As a matter of course, any human upbringing is a 360 degree, twenty-four-seven education in “thing”consciousness. What is not a “thing” either doesn’t exist or is simply imagined to be a ‘thing,’ like the atom. Like God. The end result? We recognise but do not see. The brain short-circuits. The brain, rightly assuming itself to be floating weightless in the dark, prefers recognition over seeing. It’s primary function being to convince itself that it is walking weightily in the light, the brain merely wants to know what is there. This is a footpath, that is a peach tree. I am now making love with my wife. Of course, it needs a minimum of information before it can recognise. But if the brain receives intelligence that what’s in front of it is a peach tree, it immediately superimposes the mental picture of a peach tree on top of reality, blanking out the tree, much in the same way that, given my tinnitus, I can no longer hear cicadas. To be conscious of an actual peach tree is of no particular importance to the brain. It only needs to know it is there and what it is.
In a nutshell? The brain don’t see too much. It needs glasses.
One obvious consequence of this is that it becomes very difficult to describe the world. It’s just so full of names.

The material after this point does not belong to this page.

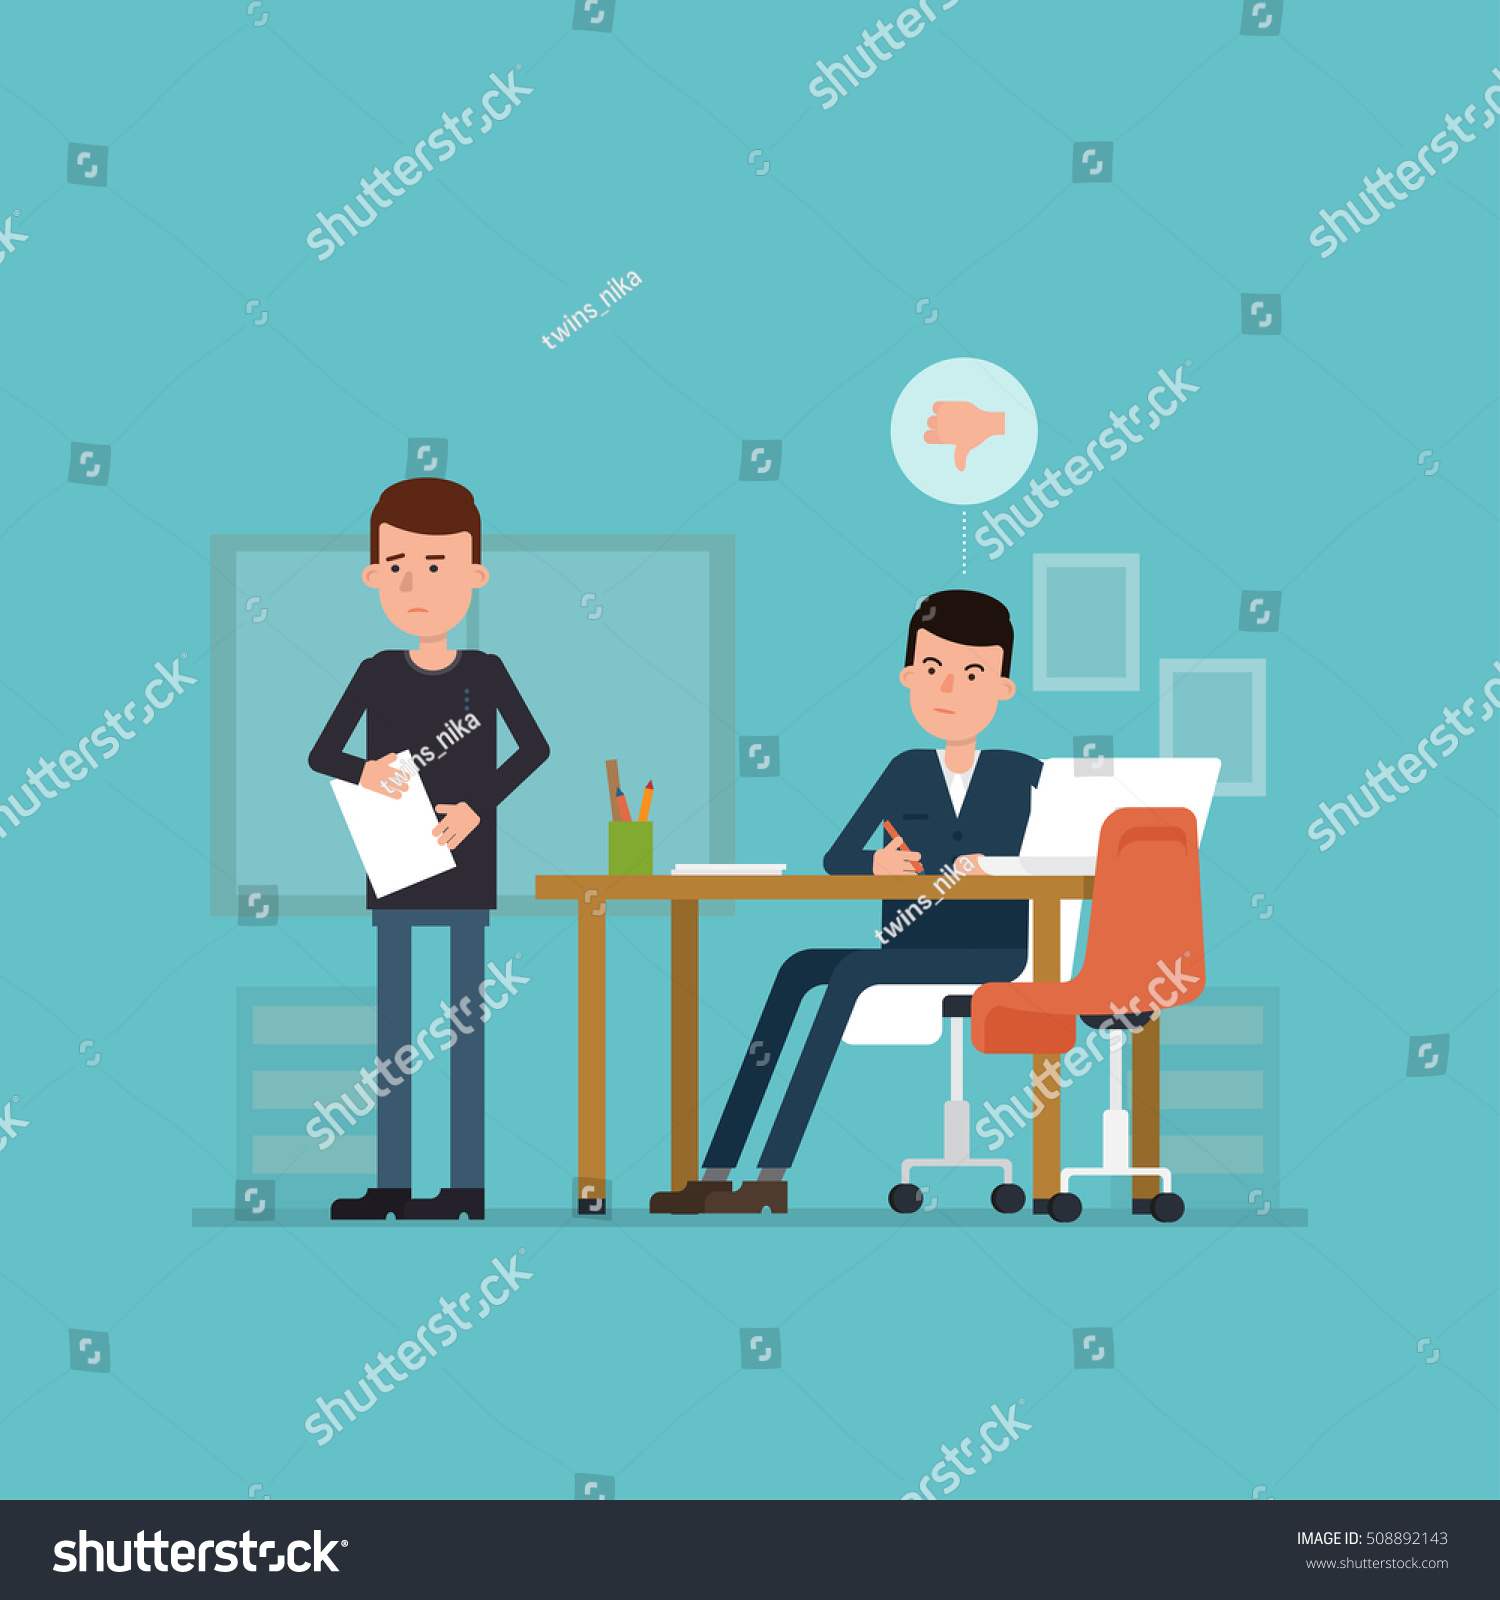 flat concept unsuccessful interview vector illustration stock flat concept of unsuccessful interview vector illustration jobseeker and employer bad impression

Logically speaking, a “thing” as such can hardly be said to exist. It is a concept made up by The Lords Of Wandering Around In The Dark and spooned out to every infant from birth on. The concept of a “thing” is relative because nothing exists on its own.
In reality, if the human being were able to see, he or she would perceive nothing but relationships.

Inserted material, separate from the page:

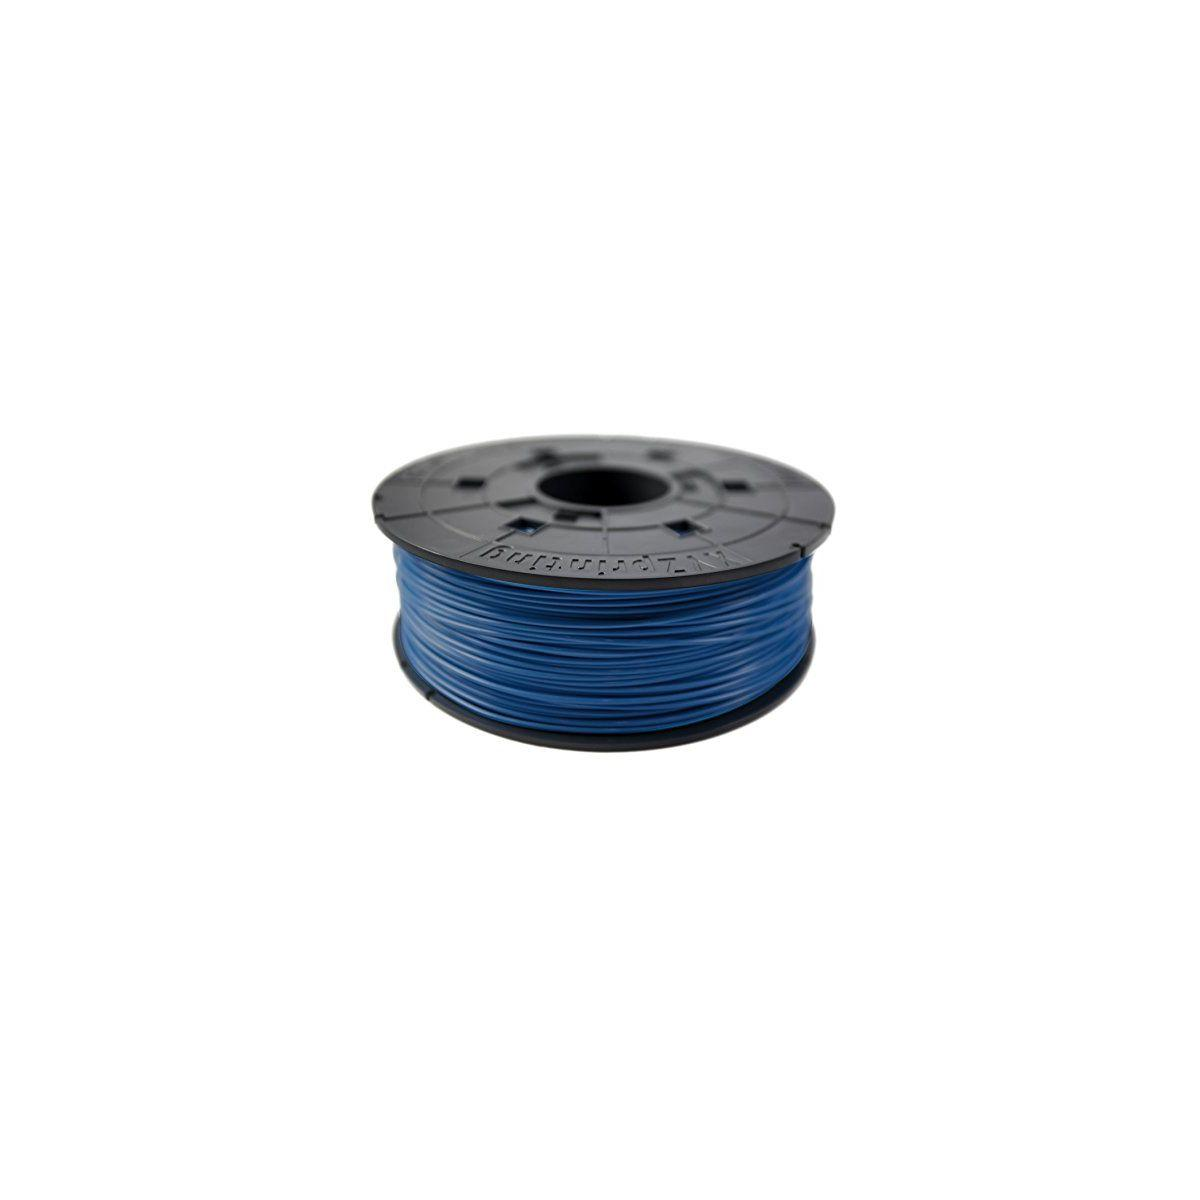 Filament 3d xyz printing bobine recharge abs bleu electrique -...

Erroneous dances of facts and angles.
Aches of any kind.
But if every single human being on the planet were able to see, would then all warring, all misunderstanding, all ugliness, hatred, stupidity, would all these be suddenly and irretrievably washed away by the overwhelming beauty of existence?
And when we looked back at our present lives after such a hypothetical flood, would we wonder what the fuss was all about?
Or then would we all starve to death, pretty much like the Neanderthals?